We might even be able to trim all the unique checks down to a single
database call. That's something that can be looked at further down the
line, since it depends on how the code falls out as well as a bunch of
profiling and some intelligent guesses about use-case likelihoods.
> The problem is conceptual: how aware should validation level be
> of storage level. Python is known for the "It's easier to ask
> forgiveness than permission" motto, the proposal is ideologically
> based on that.
>
> In short, db validation is shifted to `ModelForm.save()`. Outside of
> ModelForms, model validation has to be done manually as
> presently. The changes are less disruptive and fewer lines of
> code need to be updated.
This isn't a very good idea and the reason for the separation been
discussed before. There needs to be a clear phase prior to saving when
you can detect validation errors so that they can be correctly presented
back to the user. You see this already with forms where we check for
validity and, if it's not valid, we present the errors. If it is valid,
we move onto doing whatever we want with the data (saving it or
whatever).
The only time there's any kind of overlap is when there's a database
constraint such as uniqueness which we cannot guarantee will remain true
between the validation step and the saving step. So there's a chance
that save() will raise some kind of database integrity error. But that's
actually the edge-case and in a wide number of use-cases it's
practically zero since you know that your application is the only thing
working with the database. So it's an acceptable trade-off.
Validation for models will look a lot like validation for forms in the
end. Honza is working on a slightly different approach to the last one,
taking into account what we've learnt from that approach.
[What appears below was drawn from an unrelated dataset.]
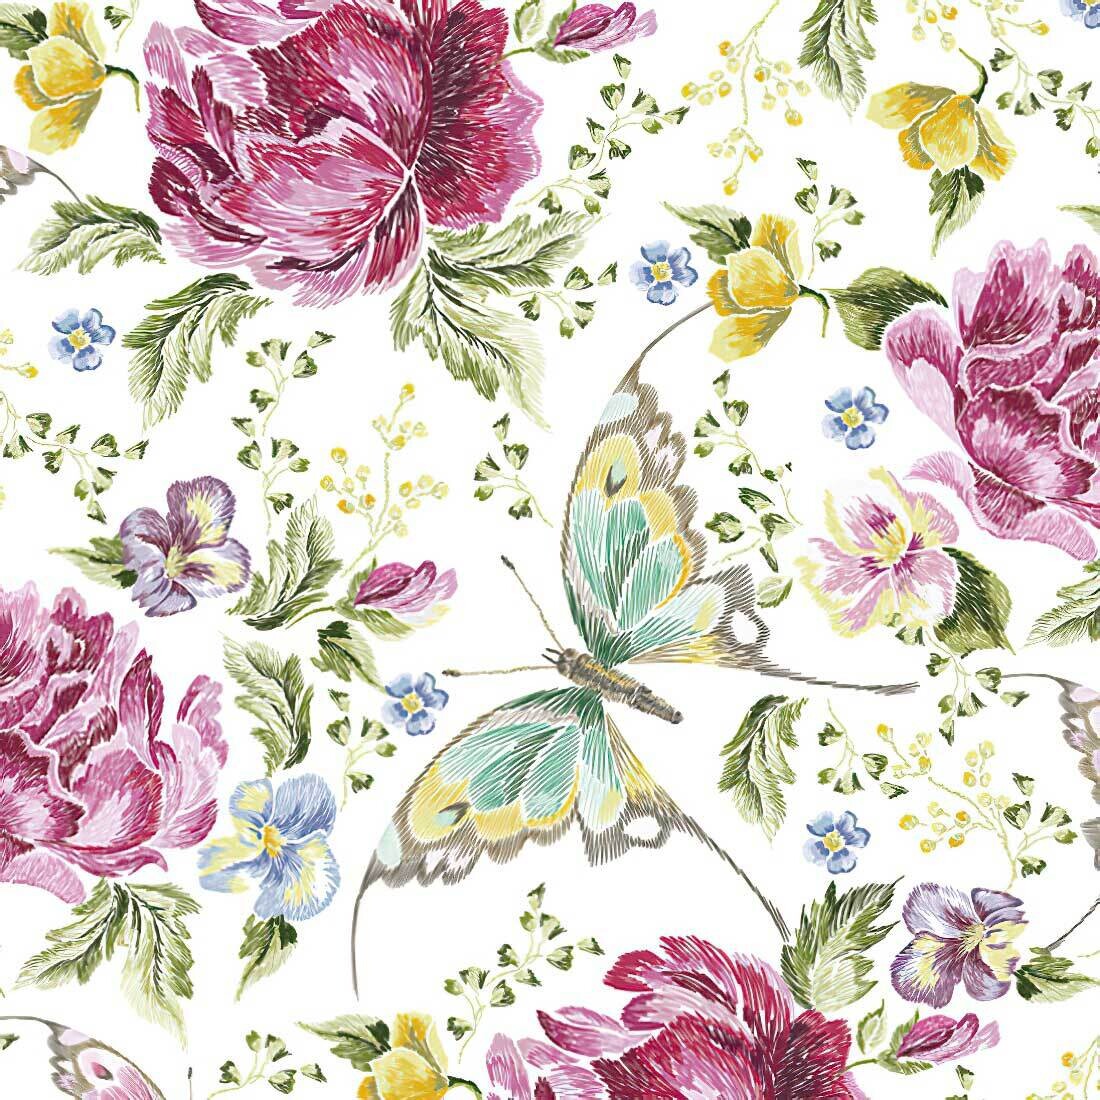 Decoupage Paper Napkins - Butterflies - Embroidery Flowers and Butterflies (1 Sheet)

So take a pew
for a bit and wait until he has some code ready. A wild redesign isn't
required, though and what you're proposing would actually make a lot of
code harder to write, since custom save methods really work much more
easily when you know that the data is in a consistent format and valid.
Then there's one point (the final "talk to the database" save line) that
can raise an IntegrityError, depending on your data modelling and
problem domain and that's it. Everything splits fairly nicely between
validation and saving with a space in the middle to operate on the
results of validation.
Regards,
Malcolm
Obviously not, since we're building a proper framework here. How did you
get from "we should do checking as part of the validation step" to "we
should not handle database errors in save()"? They're different steps
and the former is a good idea and not done at the expense of the latter.
You were proposing letting the database be the only place to catch
unique errors which has flaws like waiting until save time to raise a
validation problem that could be caught earlier (at a point when we can
report it to the user) as well as not catching all the problems (when an
IntegrityError is raised, you won't find out that two fields failed
uniqueness constraints -- you'll get one database constraint violation).
Doing uniqueness detection in the validation phase is still a necessary
component, as is handling errors at save time.
> And I don't buy the "your application is the only thing working with
> the database" argument -- it is, but it happens to be multi-process or
> -thread. How am I supposed to avoid that thread or process A and B do
> a validate_unique() for some x concurrently, finding both out that it
> doesn't exist and proceed happily with saving, so that one of them
> chokes on an IntegrityError?
No, you've missed the point. Quite often one knows (which is why I said
a wide number of use-cases) that simultaneous updates to the same bit of
data even within the application are very low probability. Even on sites
that are largely read-write as opposed to write only. I'm not making
this stuff up out of thin air. I have experience working on such systems
with multiple-master database replication and watching the traffic
patterns to work out things like likelihood of the need for conflict
resolution on updates. The multiple simultaneous writes to the exact
same piece of data is only one corner of the full domain space. We plan
for the worst, but often optimise for other cases. Again, I'm not
dismissing anything.
Regards,
Malcolm